Figure 2. Numerical compression setup (left). Shell thickness is also shown here. Axonal compression results (right). The numerical results for three different NFs network stiffnesses are here compared against experimental results as a gray shaded area (65).

The calibrated model was then validated in tension (Figure 3, left). Symmetry conditions were enforced on a quarter model to reduce the computational expense. The left face of the model was constrained in the axial direction but was free to contract in the other two directions. A displacement was applied on the right face to reach ε = 30% global strain with $\dot{ε} = 0.17 s^{- 1}$ strain rate, correspondent to the speed v(t)=25 μms⁻¹ applied in Bernal et al. (11). The effective Young's modulus E_eff of the composite model was derived dividing the engineering stress at the left boundary by the global applied strain. The axonal model spring stiffness was then calculated as $K = (E_{e f f} A) / \bar{L}$ , where A is the cross-sectional area and $\bar{L}$ is the mean axonal length reported in literature experiments used as a reference for our validation (10–12). Validation results are shown in Figure 3 (right), which purposefully highlights the strain ranges at which axons were tested in the reference studies. The FE model average spring stiffness (0.4 mN/m) is in good agreement with the experimentally derived ones [0.3 mN/m (10), 0.27 mN/m(11), and 0.5 mN/m (12)] up to 30% global strain.

FIGURE 3

Figure 3. Validation of the FE axonal model in tension. Simulation setup (left). On the (right), numerically-derived Force-Deformation curve (red) is plotted against literature data from three different studies (gray shaded areas).

2.3. Injury Simulations

Tensile elongation of the axons has been shown to correlate with axonal injury. Based on experiments, cell-level injury thresholds have been proposed. These thresholds range from 5−10% (67, 68) to 18−21% (69, 70). To investigate axonal behavior at large strains, a family of 10 models was produced by slightly altering the baseline model, namely by moving the discontinuities locations along the rows, ensuring that the average MTs length within each model was kept equal to 4.02 μm as in the baseline model. Symmetric boundary conditions were enforced on each model, which was then numerically stretched up to a global strain ϵ_axon = 30% as previously described for the tensile validation. All the simulations were performed in LS-DYNA ^® using implicit nonlinear dynamic solvers. The choice of using implicit dynamic solvers was dictated by the small dimension of the elements that makes it unfeasible to work in an explicit framework. The dynamic nature of the analysis, however, ensures that strain rate dependent phenomena can indeed be captured.

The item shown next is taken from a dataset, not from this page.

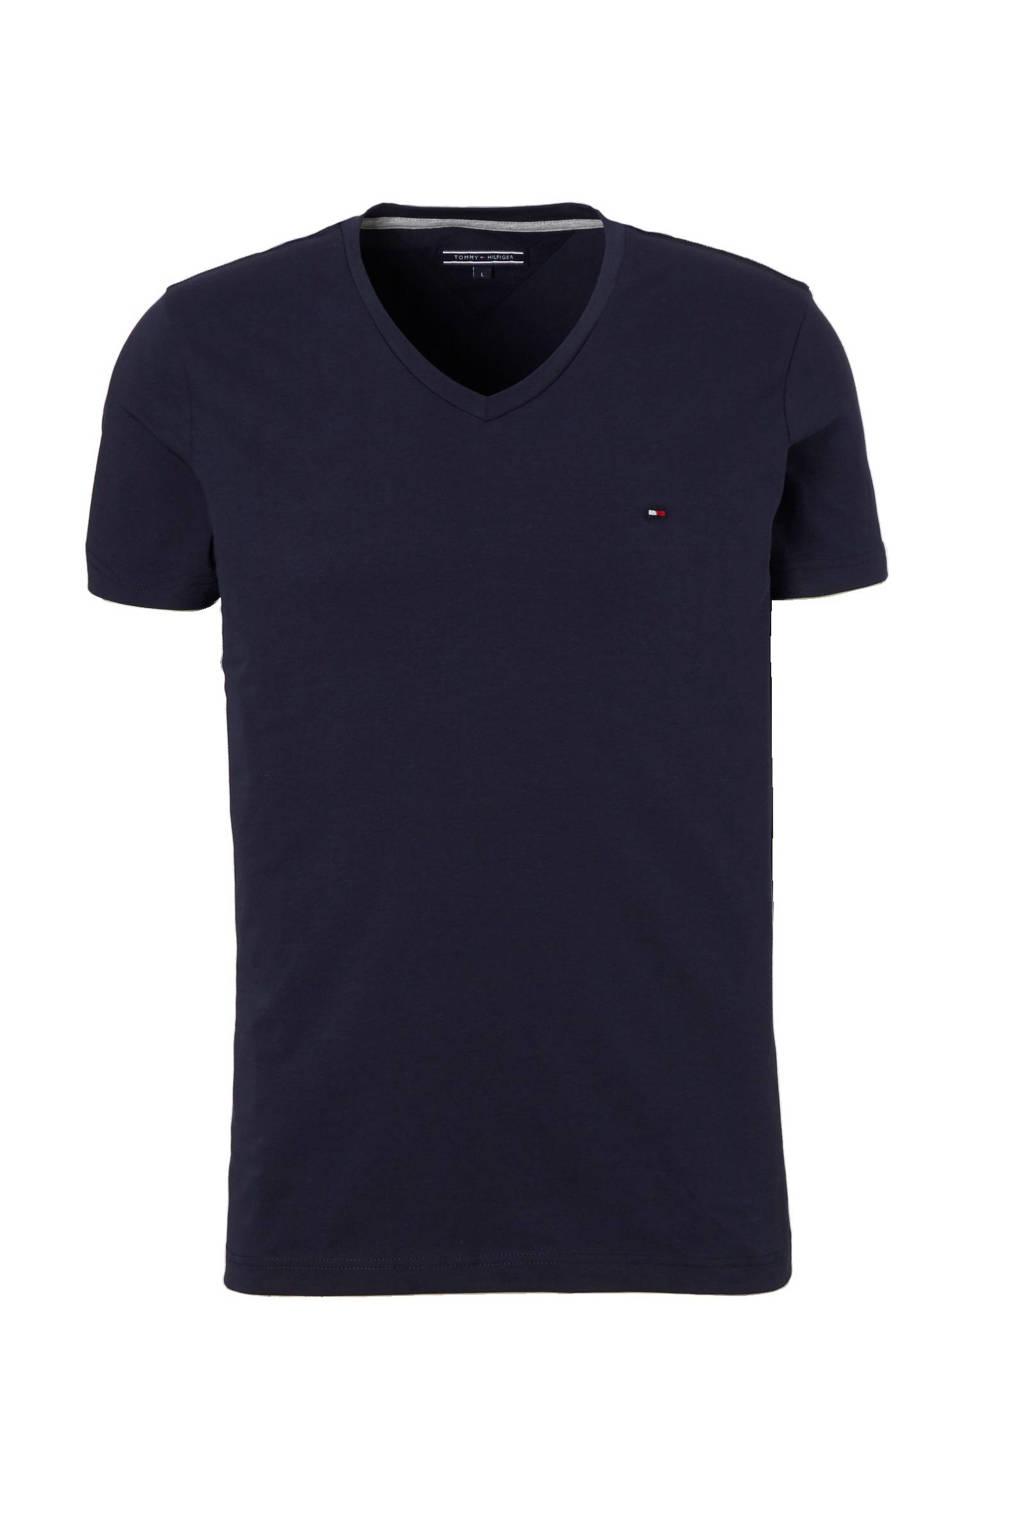 Tommy Hilfiger T-shirt, Marine

First, the effect of considering a realistic bundle kinematic on maximum compartmental strains was studied for strain rates ranging from the quasi-static to the low-dynamic regime ( $\dot{ε} = 0.001 s^{- 1} - 1 s^{- 1}$ ). The resulting maximum von Mises (VM) strains in the MTs and in the axolemma were extracted in the two following configurations: when the MTs were allowed 6 degrees of freedom [free MTs, or realistic bundle behavior (28)] and when, instead, the MTs were allowed only 1 axial degree of freedom (constrained MTs) as proposed in Ahmadzadeh et al. (32) and de Rooij and Kuhl (33), the goal being the assessment of the effect that MTs bending has on the computed maximum MTs strain.

Given the influence of strain rate on axonal mechanics (71, 72), it was deemed important to assess the effect of this not only on the MT bundle, but also on the axolemma when these two compartments are connected. However, large strains and high strain rates irremediably increase the instability of the simulations hindering their convergence. Therefore, having previously assessed the effect of the MTs constraint, this was enforced for this part of the study and simulations were run for the whole family of models using the following strain rates: $\dot{ϵ} = 0.001, 0.1, 1, 10, 20, 40 s^{- 1}$ ). To speculate upon the injury state of the axons in different scenarios, the following quantities were extracted: maximum von Mises (VM) strains in the MTs and axolemma compartments, as well as axolemmal thinning.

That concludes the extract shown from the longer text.